COLLECTED MATERIAL below:

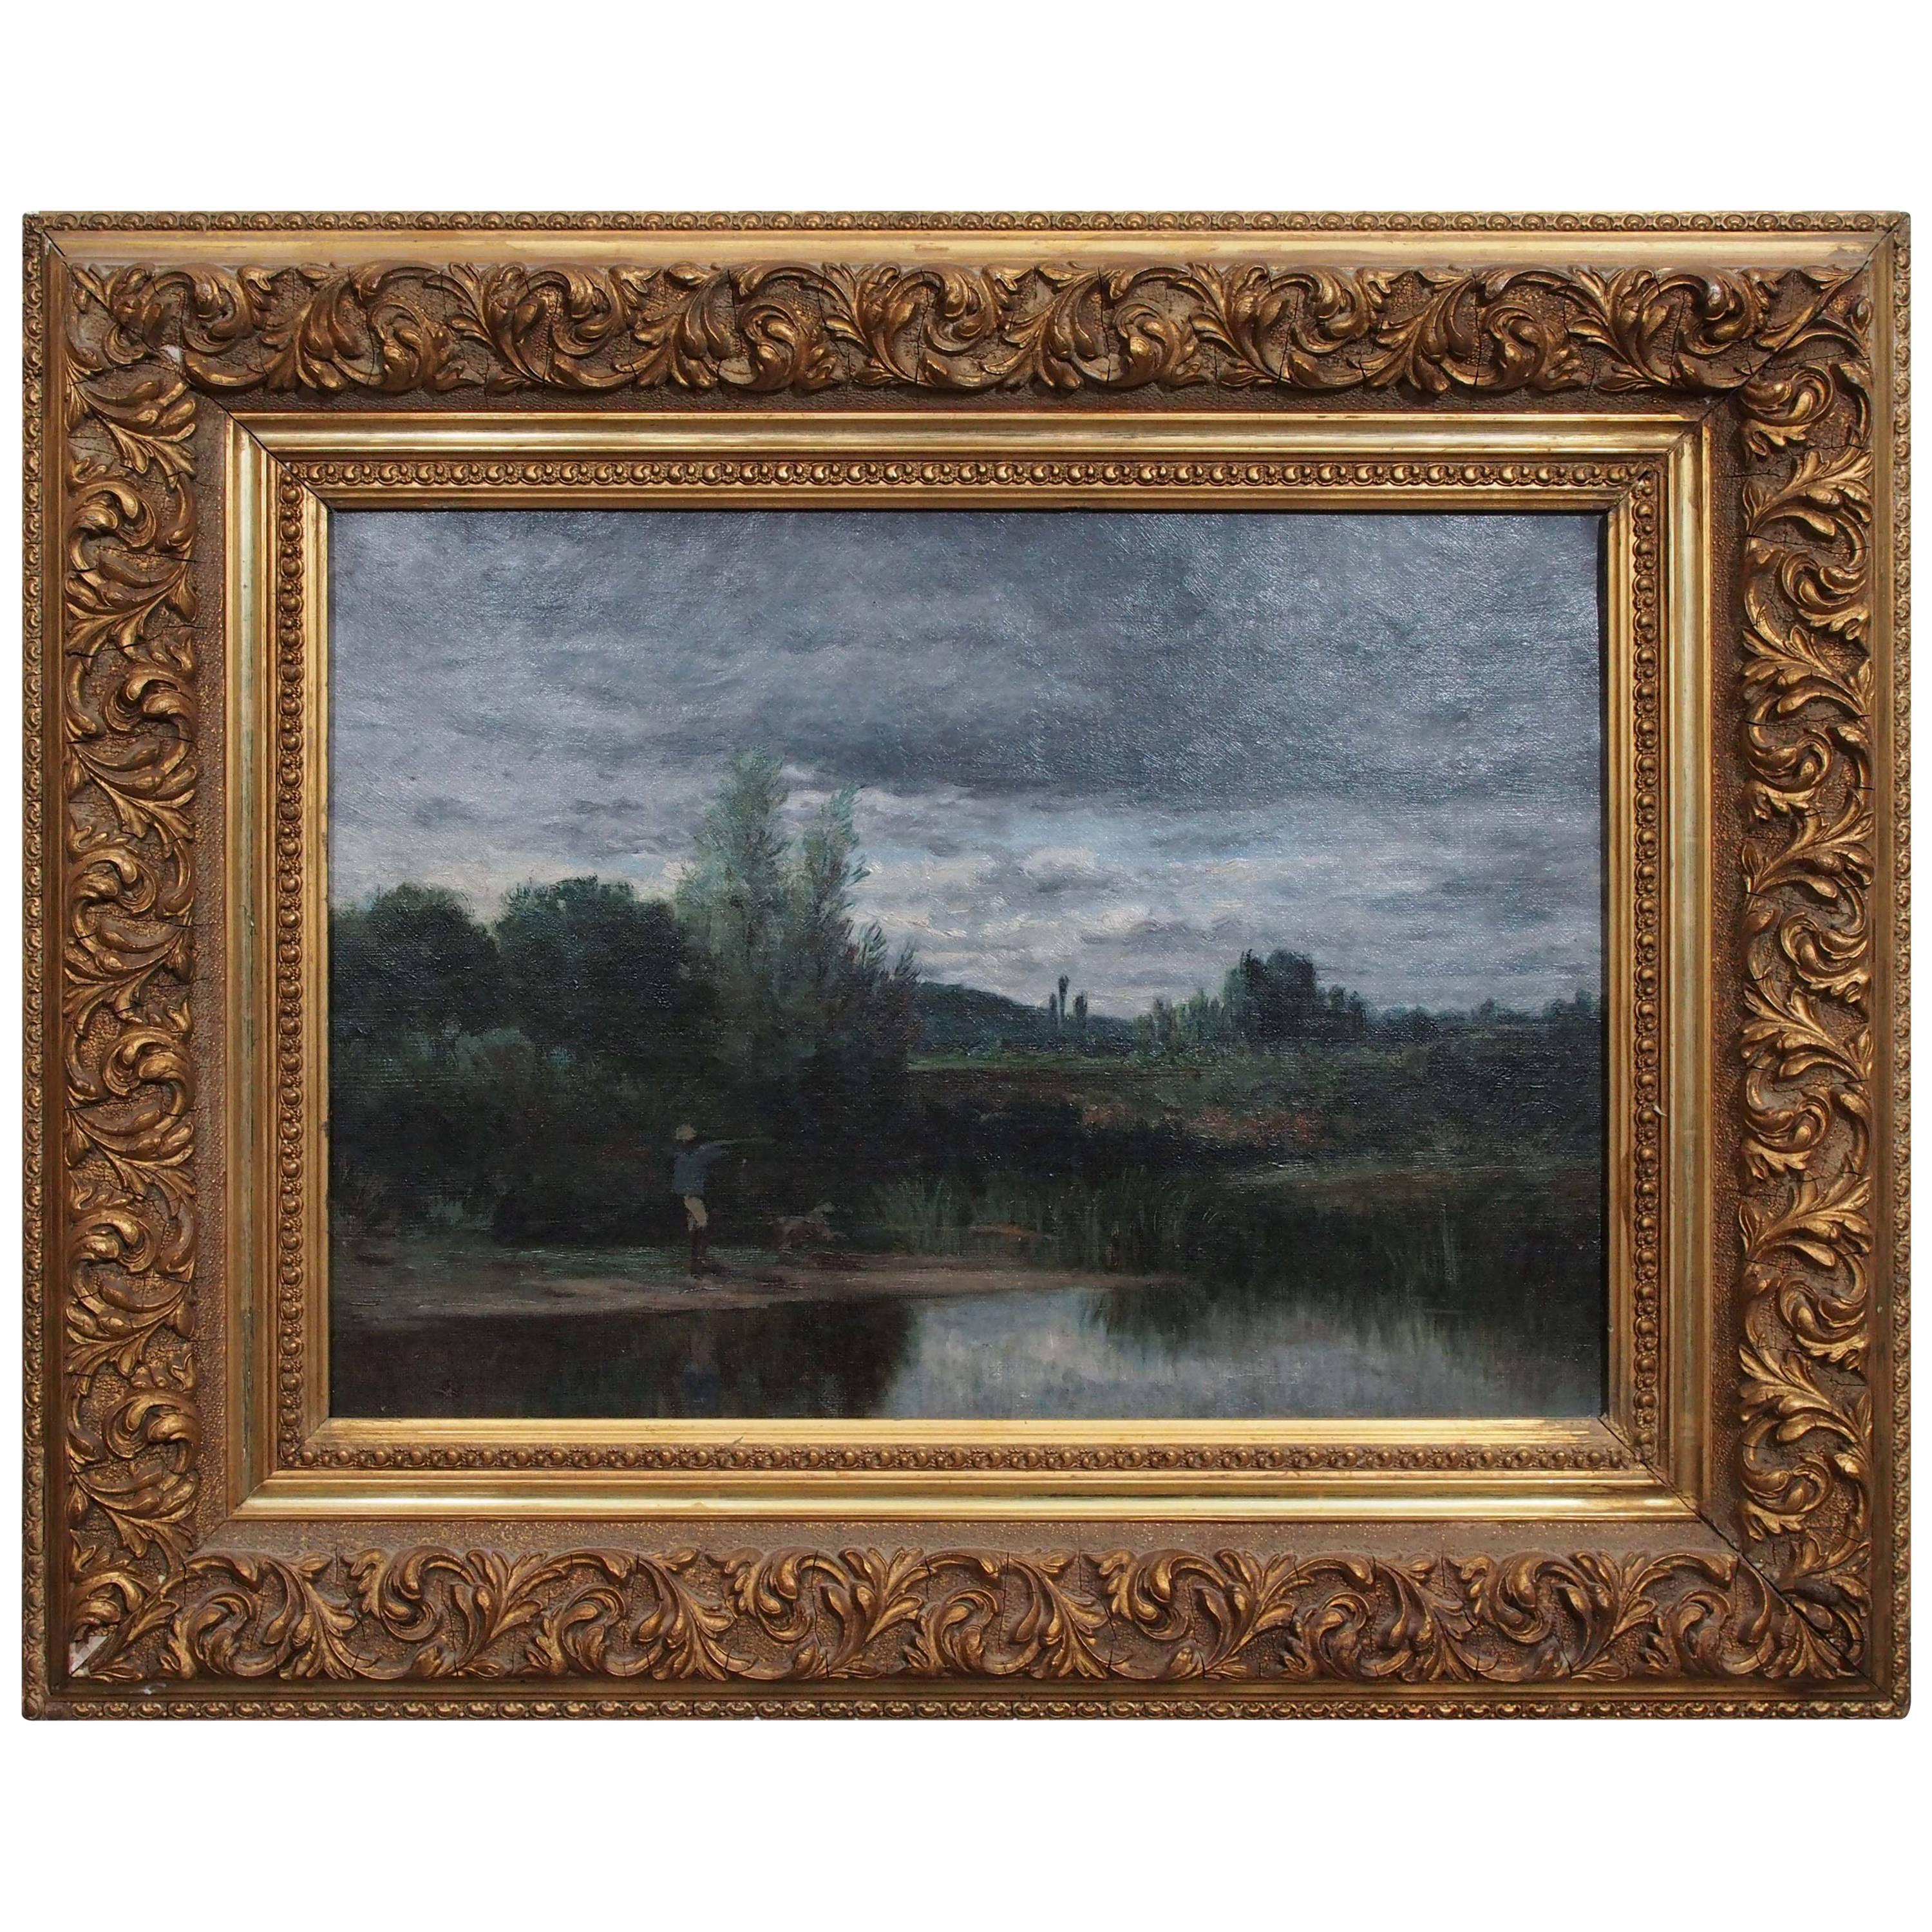 19th Century French Barbizon School Oil on Canvas in Period Frame
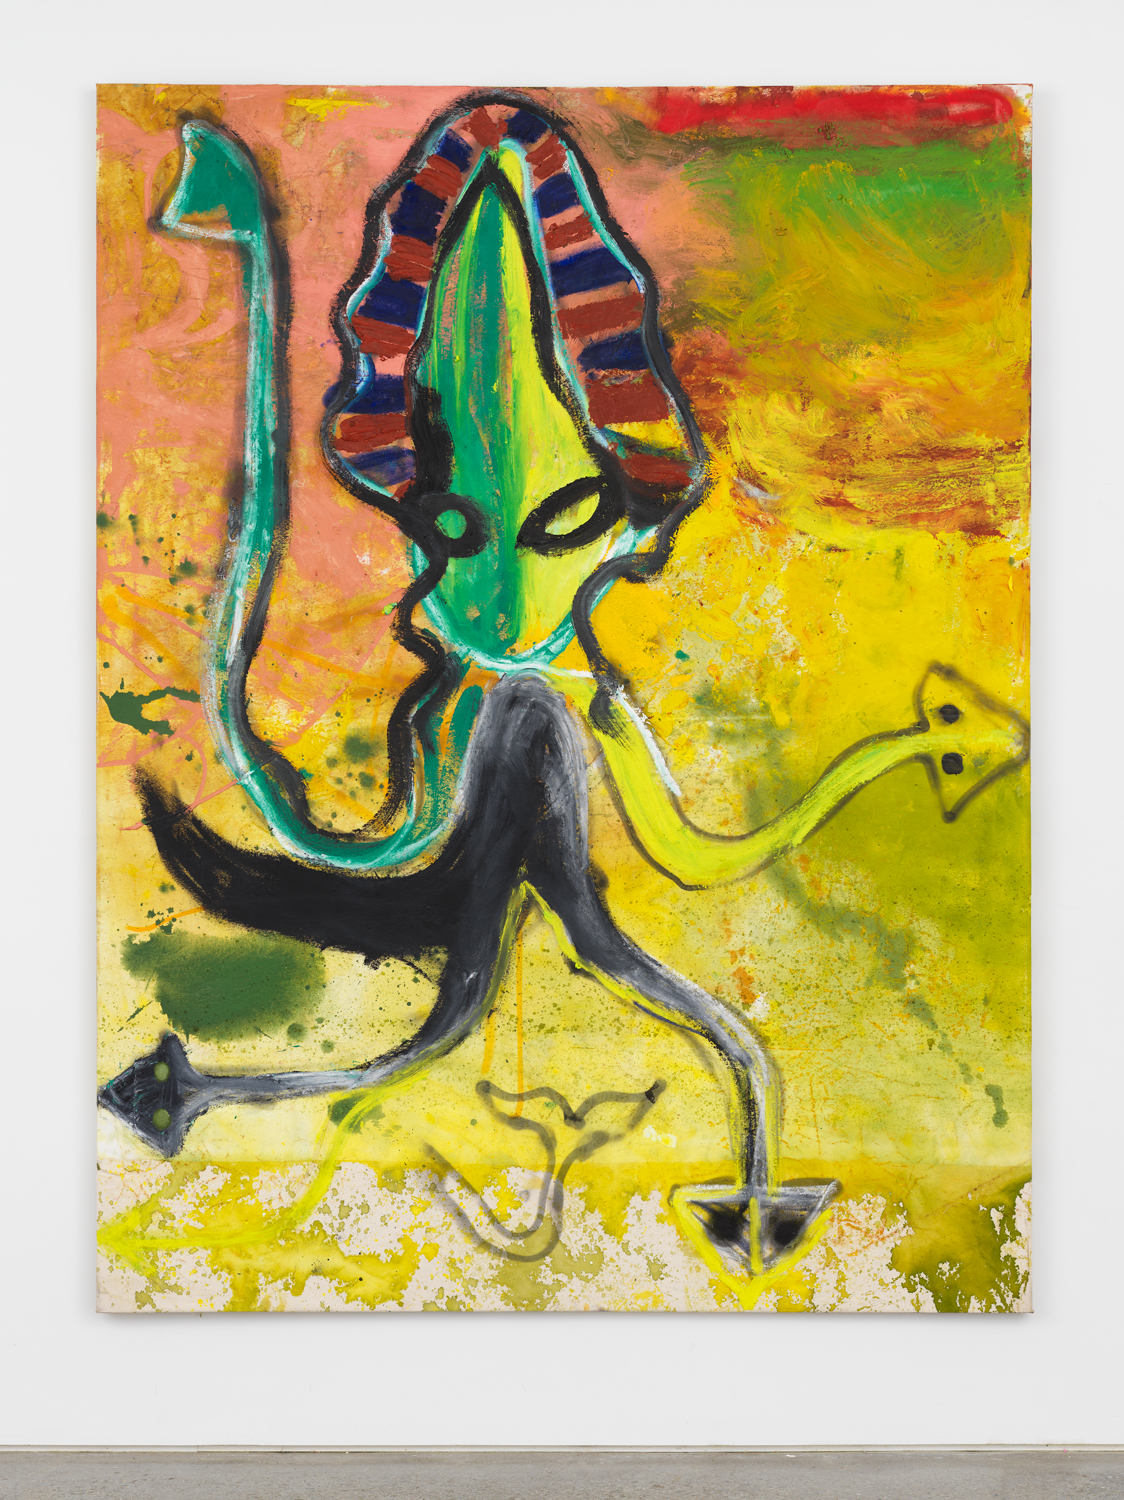 Bill Saylor, Fly To The Tide, 2019, Oil, spray paint, and Flashe on canvas, 84h x 64w in.
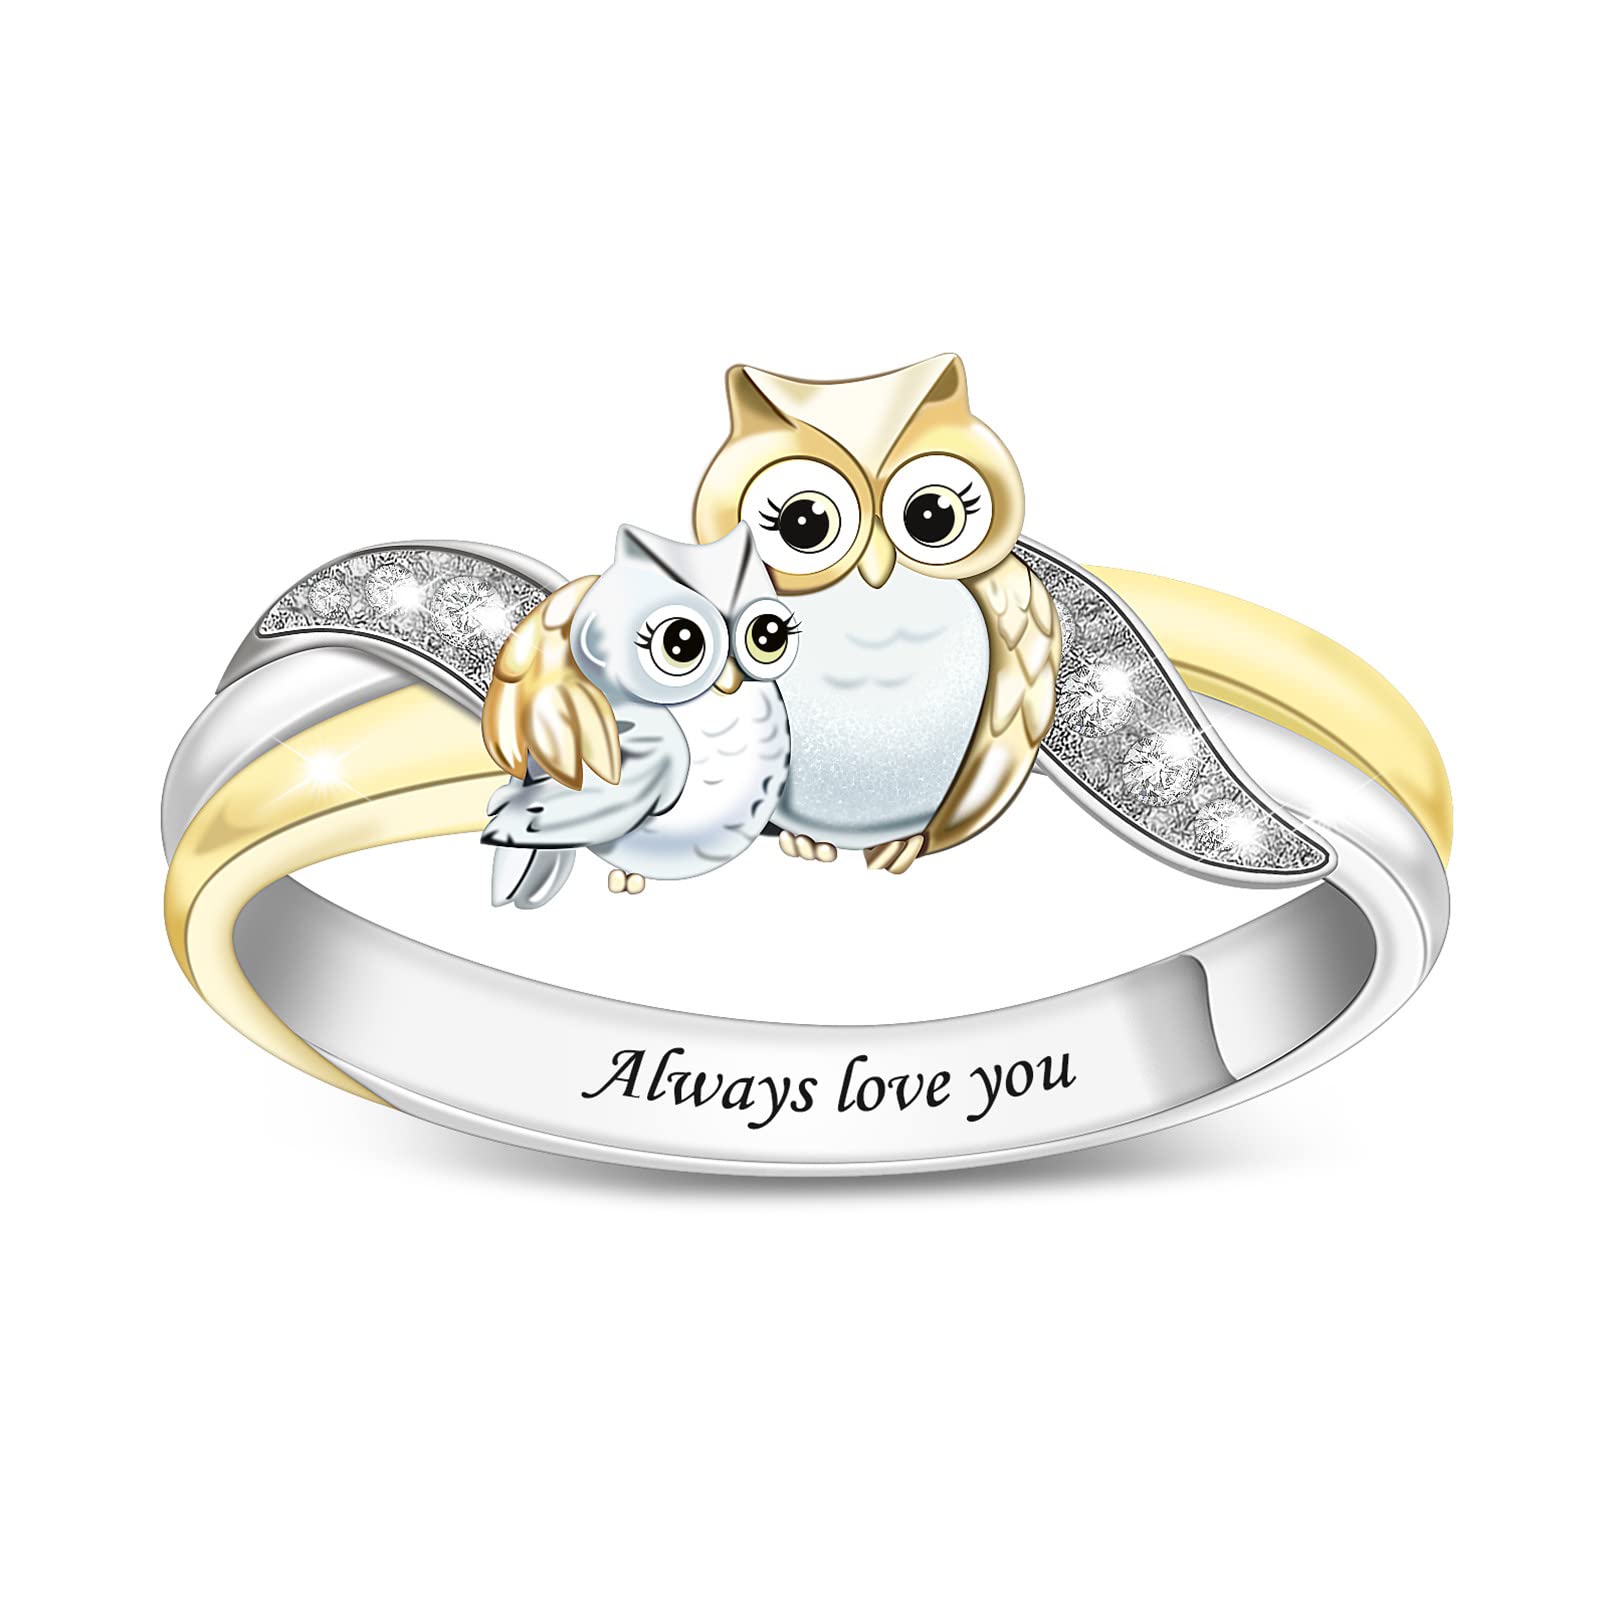 Personalized Owl Mother and Son Shaped Ring and Free Engraving.

End of COLLECTED MATERIAL.

Only the text of the material belongs in your copy, which must match the original exactly.

 19th Century French Barbizon School Oil on Canvas in Period Frame
 Bill Saylor, Fly To The Tide, 2019, Oil, spray paint, and Flashe on canvas, 84h x 64w in.
 Personalized Owl Mother and Son Shaped Ring and Free Engraving.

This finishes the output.